I was contacted by a Disciples pastor the other day named Bob who moved to Florida recently to begin caring for a new congregation. His purpose for calling me was to let me know that a young couple from his previous church was moving to Oklahoma. He said, “this young couple, who are recently pregnant, will be living in a town about 45 minutes away from Oklahoma City, but they’re devoted members of the Disciples of Christ and they’re used to driving anywhere from an hour to an hour and a half to attend church.” I said, “Wow! That’s great! So how can I be of service? We’d love to meet this couple and welcome them into our community!”

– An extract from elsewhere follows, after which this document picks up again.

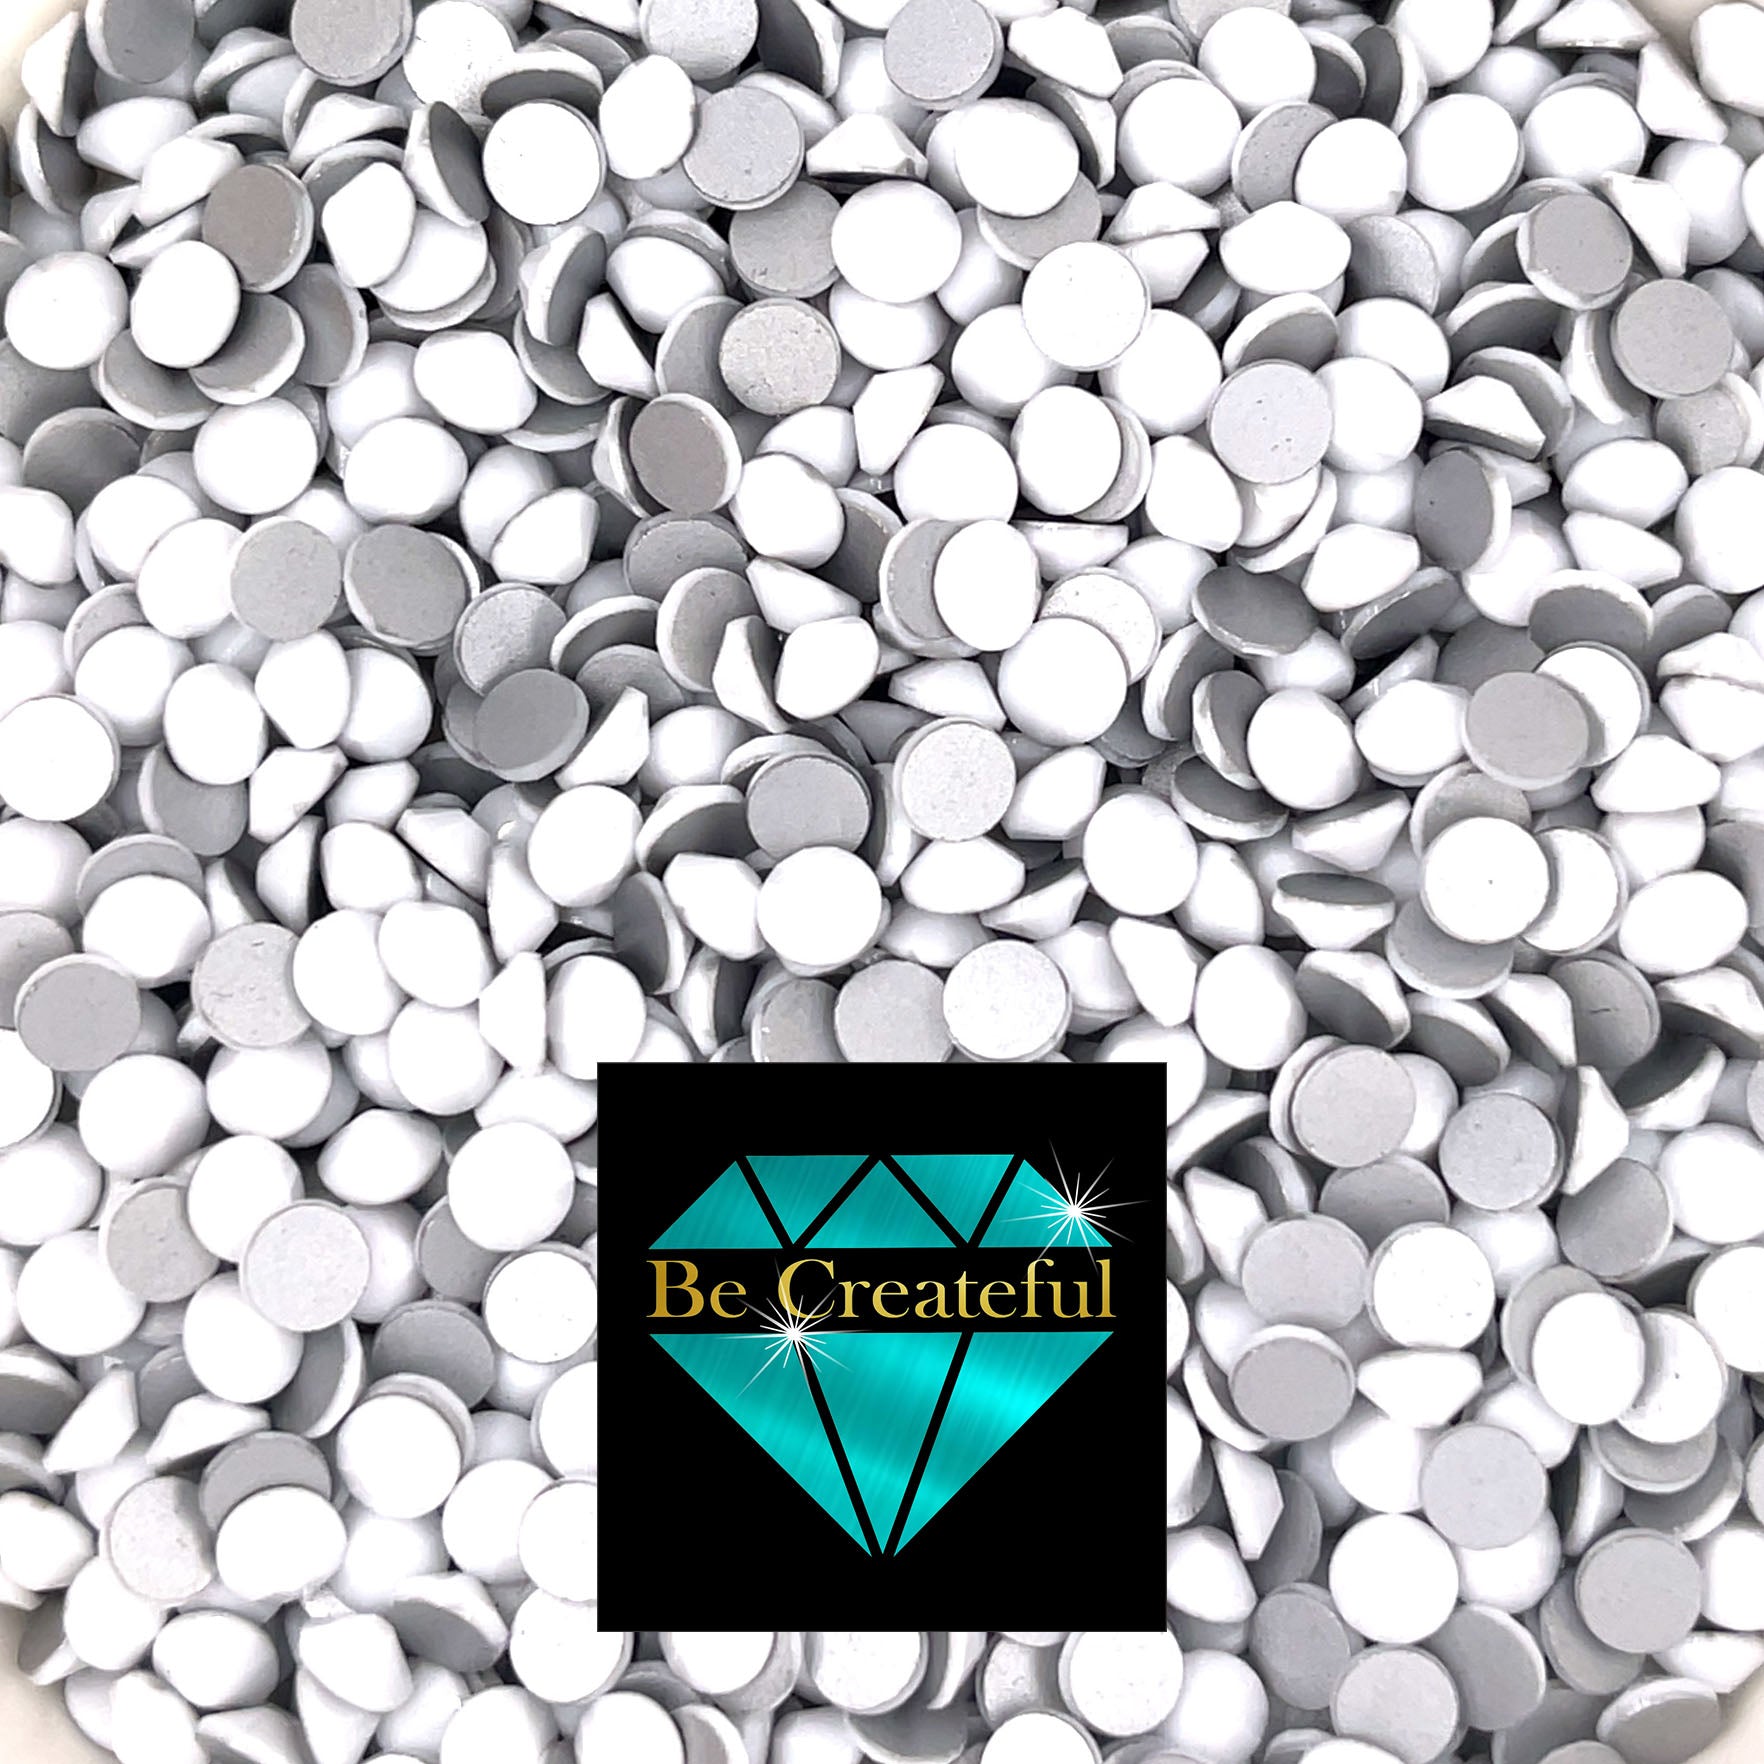 4500pcs Ss6 2mm Flatback Rhinestones In White Ab Color For Nail Art,  Crafts, Glass, Garments And Shoes

It was at that point that Bob paused and said with trepidation, “well, this young couple is a gay couple.” He paused for a moment and then continued with his somewhat unsure tone, “I was just wondering if your church was accepting of gay people. I reached out to a church in the town these women are moving to, and while the pastor had no issues, the congregation was another story and…”
I took it upon myself to cut Bob off with a chuckle; he was clearly nervous about the entire situation. I said, “Bob, let me tell you something, the people who attend Simplicity are about as open and accepting as it gets. We have members of our congregation who are gay, members who have gay children, and we’ve partnered with members of the gay community to help expand and improve our ministries. We believe in open minds and open hearts, and we accept everyone as they are for who they are. Does that answer your question?”
I could hear the tone change in Bob’s voice almost immediately; his initial hesitance transformed into sheer excitement. He replied, “Oh! Well, Ok! It sounds like Simplicity might be a great fit for this couple!”
It turned out to be a great conversation; Bob is a super nice human being and it sounds like we may soon be graced by the presence of these two young ladies; however, I was left feeling somewhat conflicted by our conversation. On the one hand I was overjoyed at the thought of welcoming another young couple into our community and excited that I could deliver some news that would make others feel loved and accepted. On the other hand, I couldn’t help focusing on the notion of how ridiculous it was that a pastor felt the need to call churches in advance to make sure these women would be accepted for who they are. Frankly, I was left feeling gross and angry to be associated with church.
A quick aside - a friend of mine named Sarah, who happens to be the leader of our Pub Theology ministry and who also happens to be a strong, smart, passionate, and talented gay woman, said something to me recently about the Eucharist that struck me as absolutely beautiful. She said, “what I love about the Eucharist is that it’s a moment in time when we are all unequivocally equal. The alter is an equalizer and it’s in those moments every week that I feel like we’re all truly whole and connected.”
I thought about that statement after my conversation with Bob and it reminded me of why I do what I do and why I love Simplicity so much. I’ve always thought there was something beautiful about the sacred ritual of communion, but I never fully grasped it’s importance until Sarah’s comment about it being an equalizer. God is for EVERYONE; all are welcome to experience the body and the blood, and if that’s the case, then the same absolutely should go for Church. Period. If God loves and accepts everyone, we as His disciples should do so too. Jesus lived and died for radical, scandalous grace, so whether a person is gay or straight, black or white, Chinese or Cuban, a believer or a non-believer is all irrelevant, at least to me - all should be welcome in the House of God.
At Simplicity, we believe God is too big to be placed in a box and that relationships precede doctrine. I believe that truly amazing things can happen when a) God can’t be contained and b) love is your spiritual and theological foundation. I mean, there's always room for more love.